I am trying to check the error that is introduced when you compute the distance of two points on earth with the euclidean distance instead of using the great circle distance (gcd). I have two points that are defined by their lattitude and longtitude. I used the python geopy framework for the great circle distance. Here the code for the gcd:
def measure(self, a, b):
a, b = Point(a), Point(b)
lat1, lng1 = radians(degrees=a.latitude), radians(degrees=a.longitude)
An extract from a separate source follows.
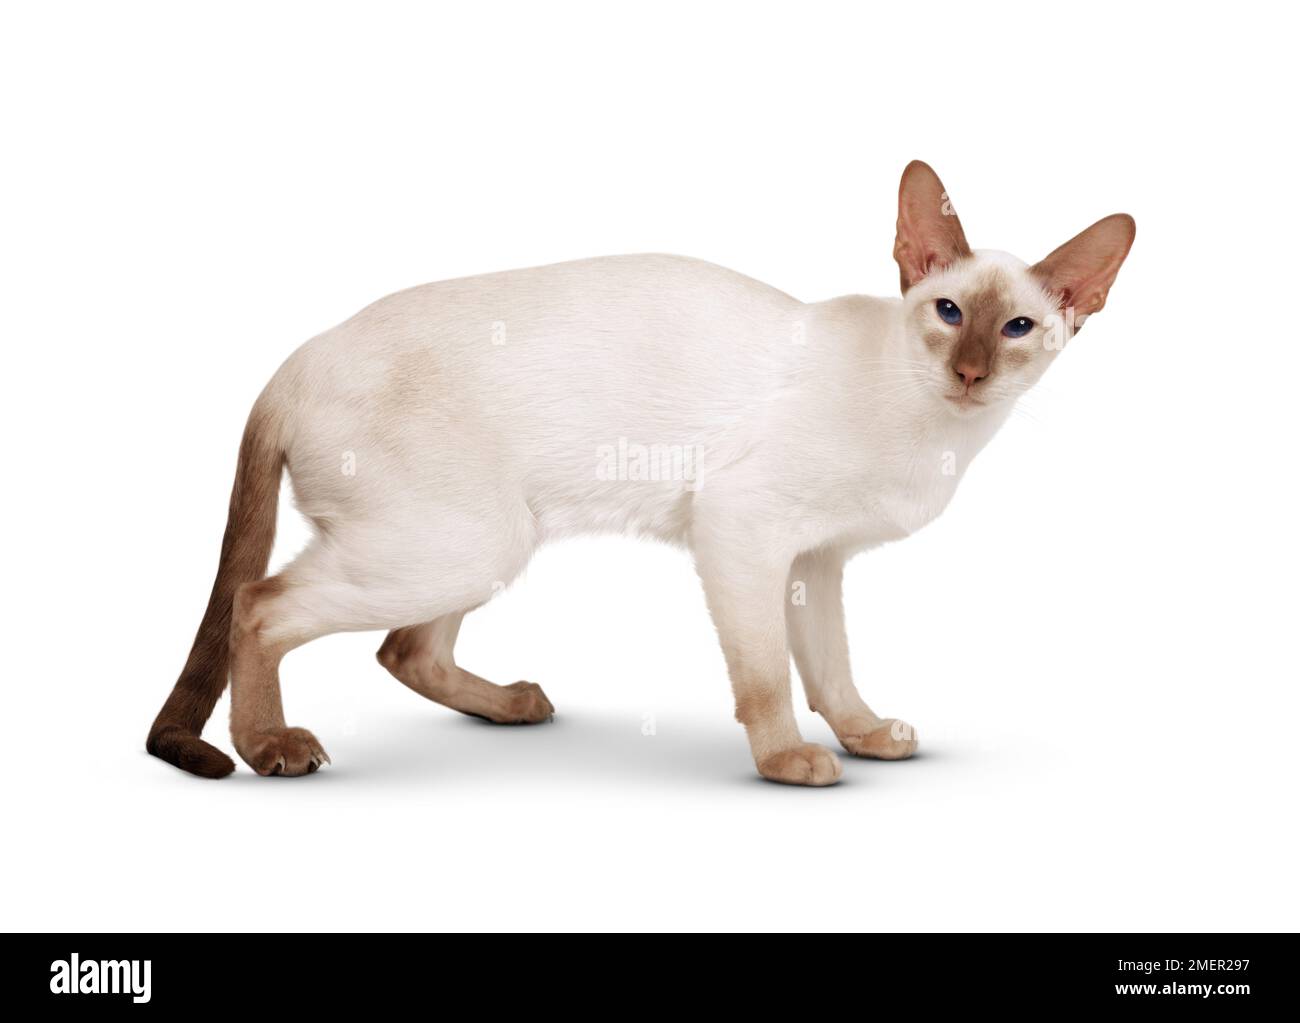 Femelle Cinnamon point Siamese chat avec les yeux bleus, debout, regardant la caméra, vue latérale Banque D'Images

lat2, lng2 = radians(degrees=b.latitude), radians(degrees=b.longitude)
sin_lat1, cos_lat1 = sin(lat1), cos(lat1)
sin_lat2, cos_lat2 = sin(lat2), cos(lat2)
delta_lng = lng2 - lng1
cos_delta_lng, sin_delta_lng = cos(delta_lng), sin(delta_lng)
d = atan2(sqrt((cos_lat2 * sin_delta_lng) ** 2 +
(cos_lat1 * sin_lat2 -
sin_lat1 * cos_lat2 * cos_delta_lng) ** 2),
sin_lat1 * sin_lat2 + cos_lat1 * cos_lat2 * cos_delta_lng)
return self.RADIUS * d
So or two points:
p1=[39.8616,-75.0748], p2=[-7.30933,112.76]
the
gcd = 78.8433004543197 klm
using the great_circle(p1,p2).kilometers
function from geopy
I then transformed these two points in cartesian coordinates using this formula:
def spherical_to_cartesian(r,la,lo):
x=r*np.sin(90-la)*np.cos(lo)
y=r*np.sin(90-la)*np.sin(lo)
z=r*np.cos(90-la)
return (x,y,z)
where r=6372.795
, which results in the following cartesians coordinates
p1=[ -765.81579368, -256.69640558, 6321.40405587],
p2=[480.8302149,-168.64726394,-6352.39140142]
Then by typing: np.linalg.norm(p2-p1)
i am getting 1103.4963114787836
as their euclidean norm which doesn't seem reasonable compared with ~78klm from the gcd. Am i inffering sth wrong?